- **Extracted information**

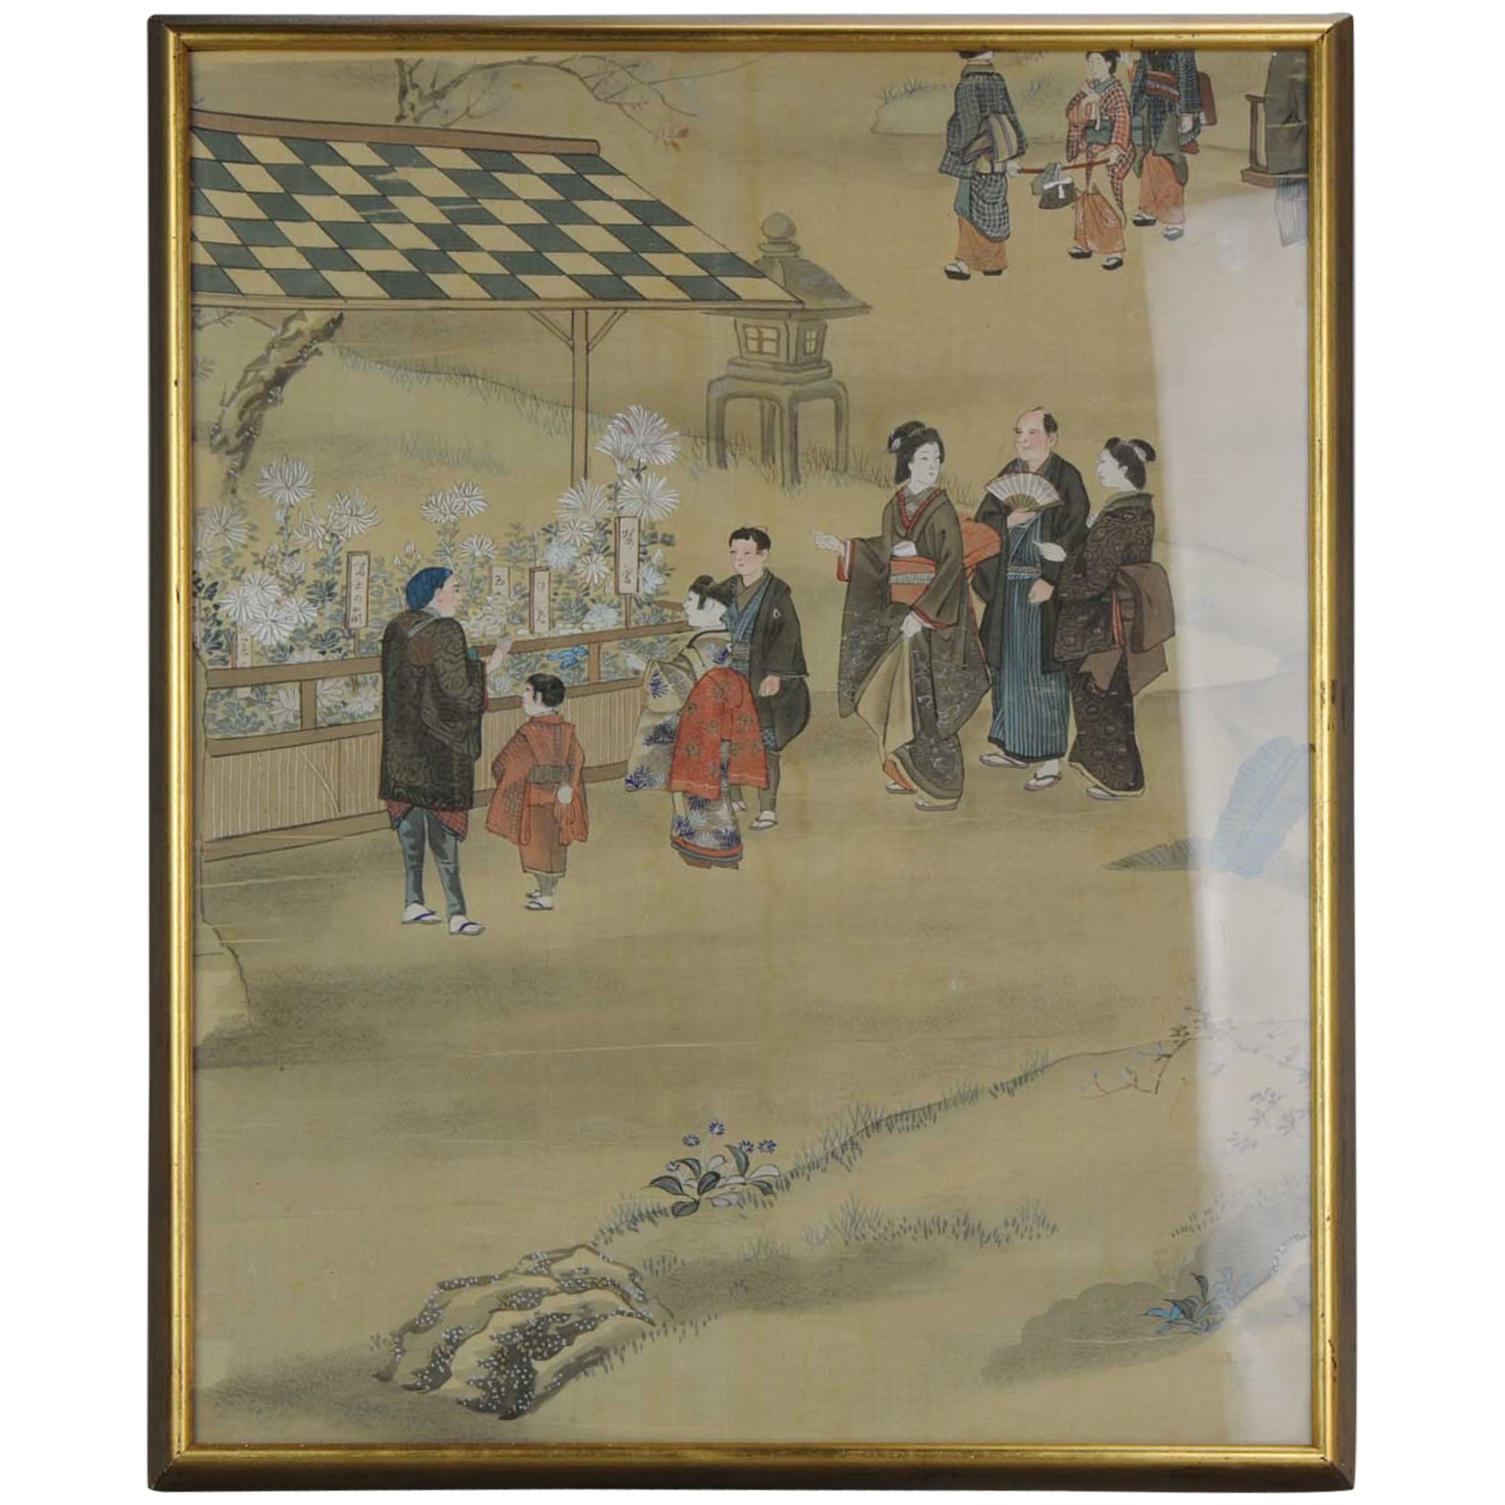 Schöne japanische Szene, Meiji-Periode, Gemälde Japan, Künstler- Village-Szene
==
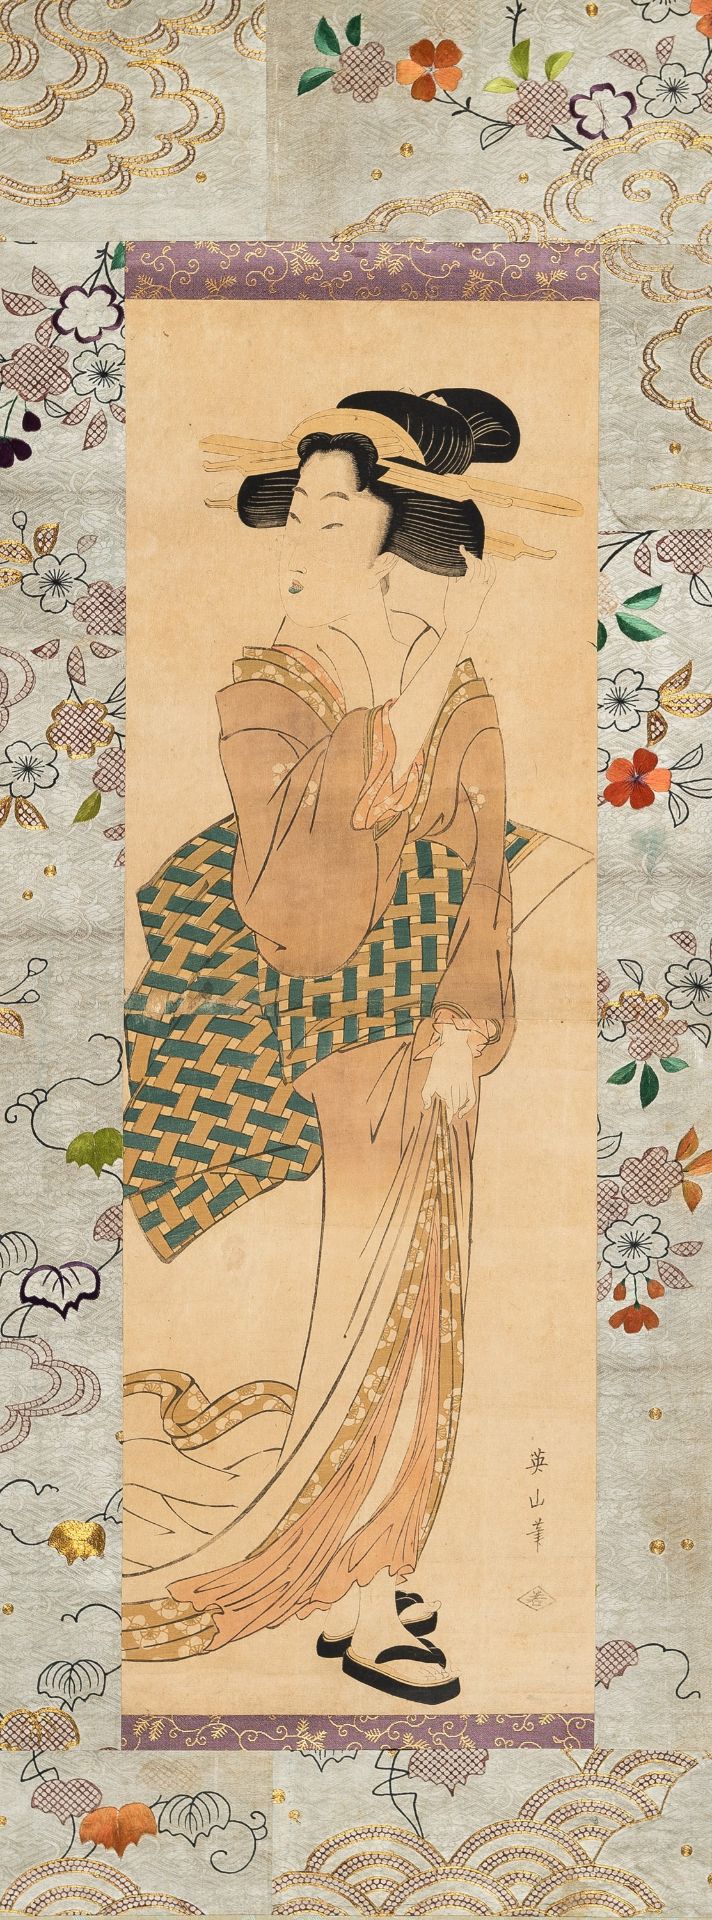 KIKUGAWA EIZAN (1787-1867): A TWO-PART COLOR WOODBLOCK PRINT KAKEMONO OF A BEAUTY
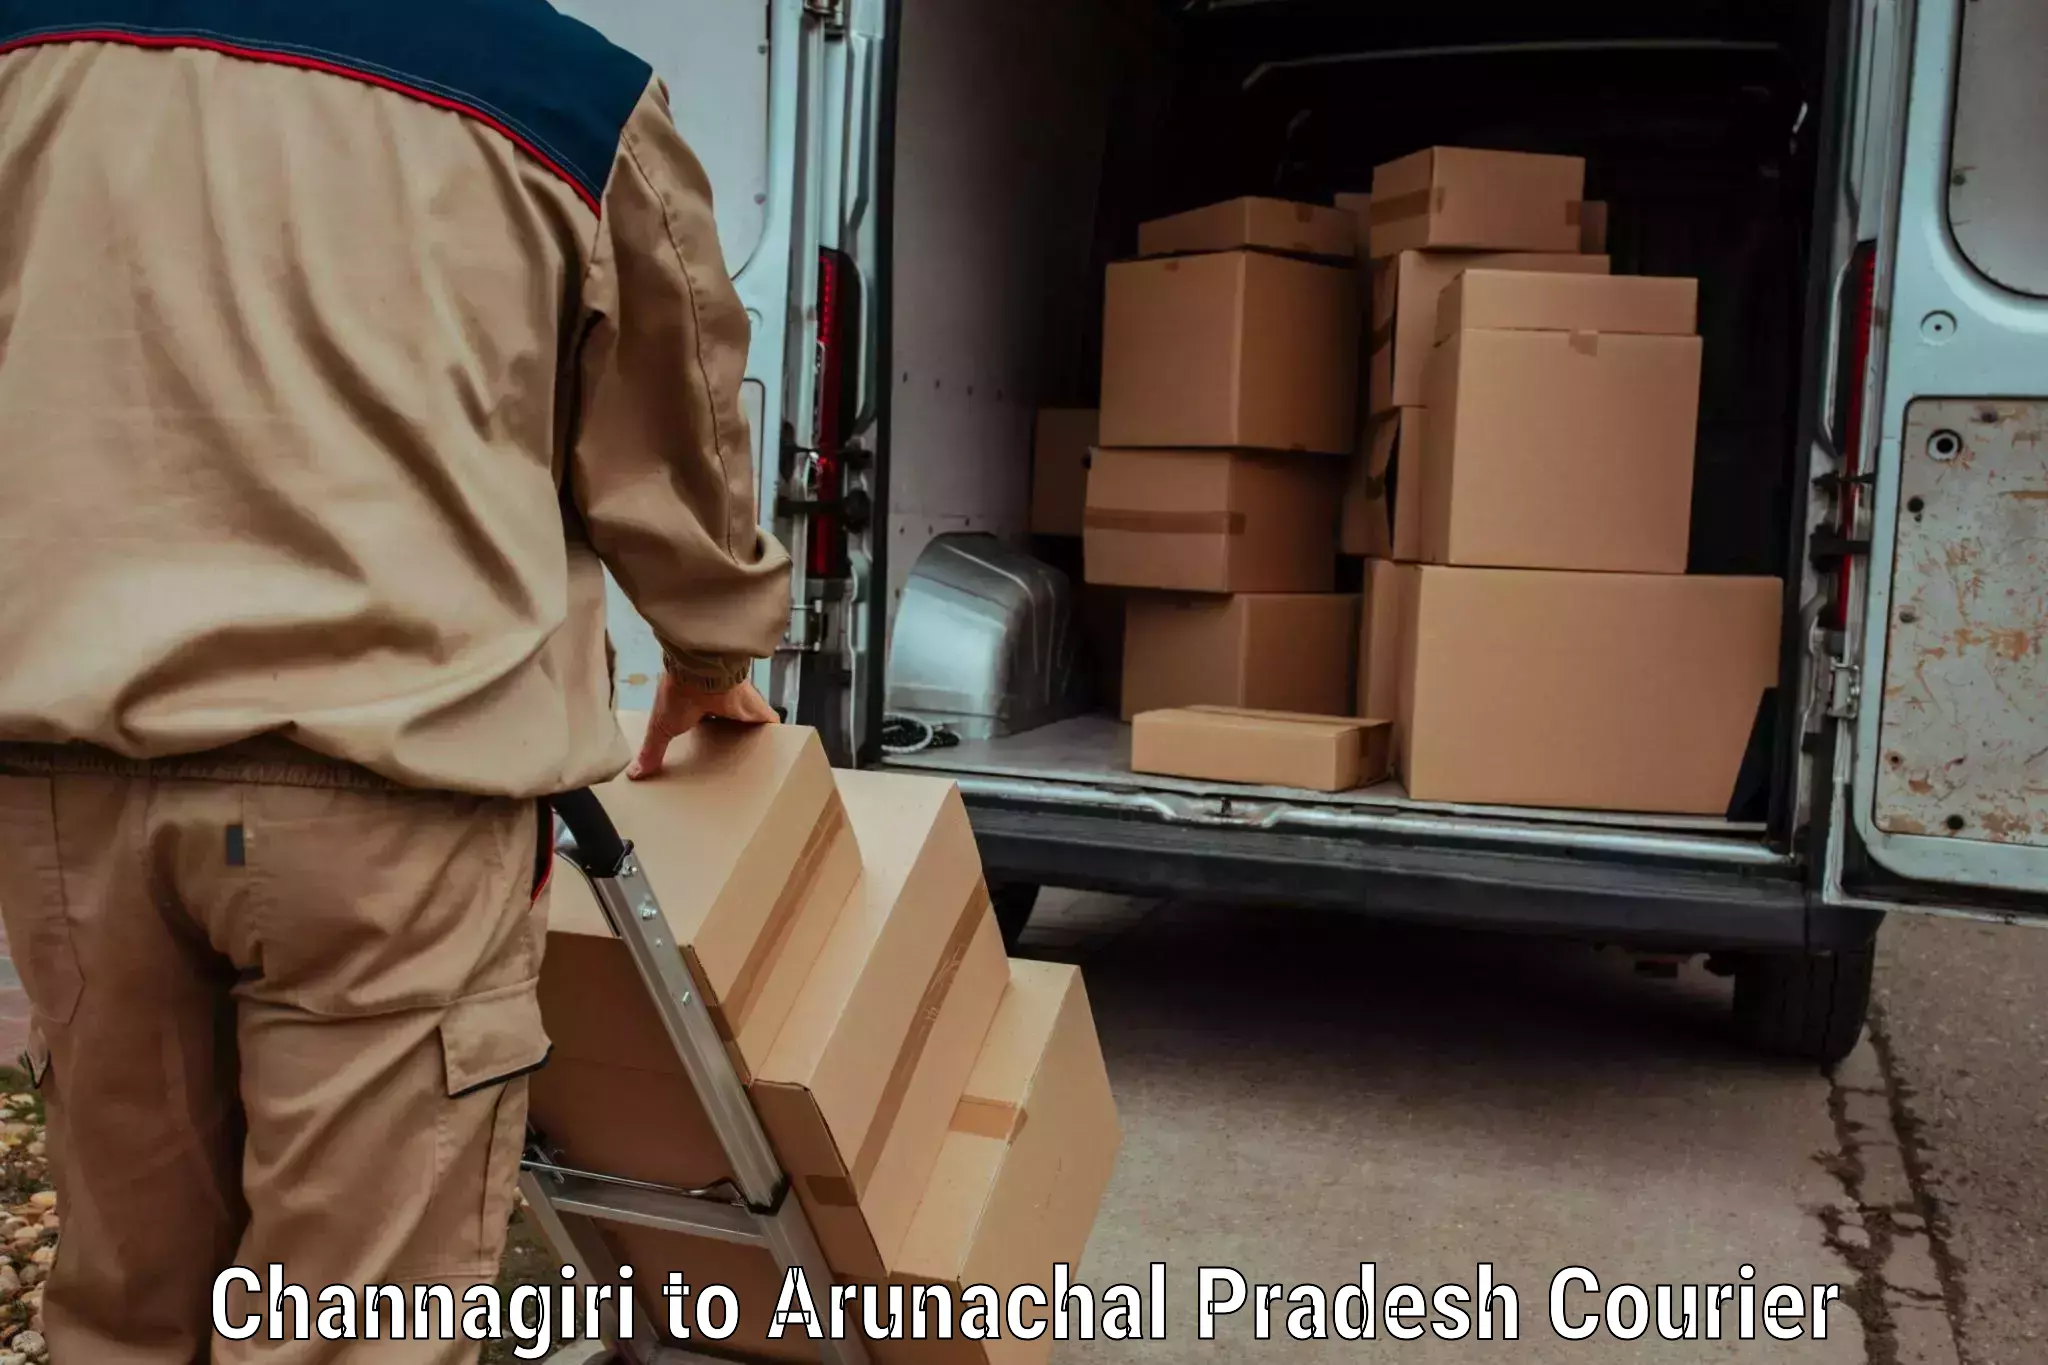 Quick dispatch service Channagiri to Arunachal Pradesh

- **Work order**
What you write must match the listing exactly, from the line with "KIKUGAWA EIZAN (1787-1867): A" up to and including the line with "Quick dispatch service". Pictures stay out.

- **Reply to the exercise**
 KIKUGAWA EIZAN (1787-1867): A TWO-PART COLOR WOODBLOCK PRINT KAKEMONO OF A BEAUTY
 Quick dispatch service Channagiri to Arunachal Pradesh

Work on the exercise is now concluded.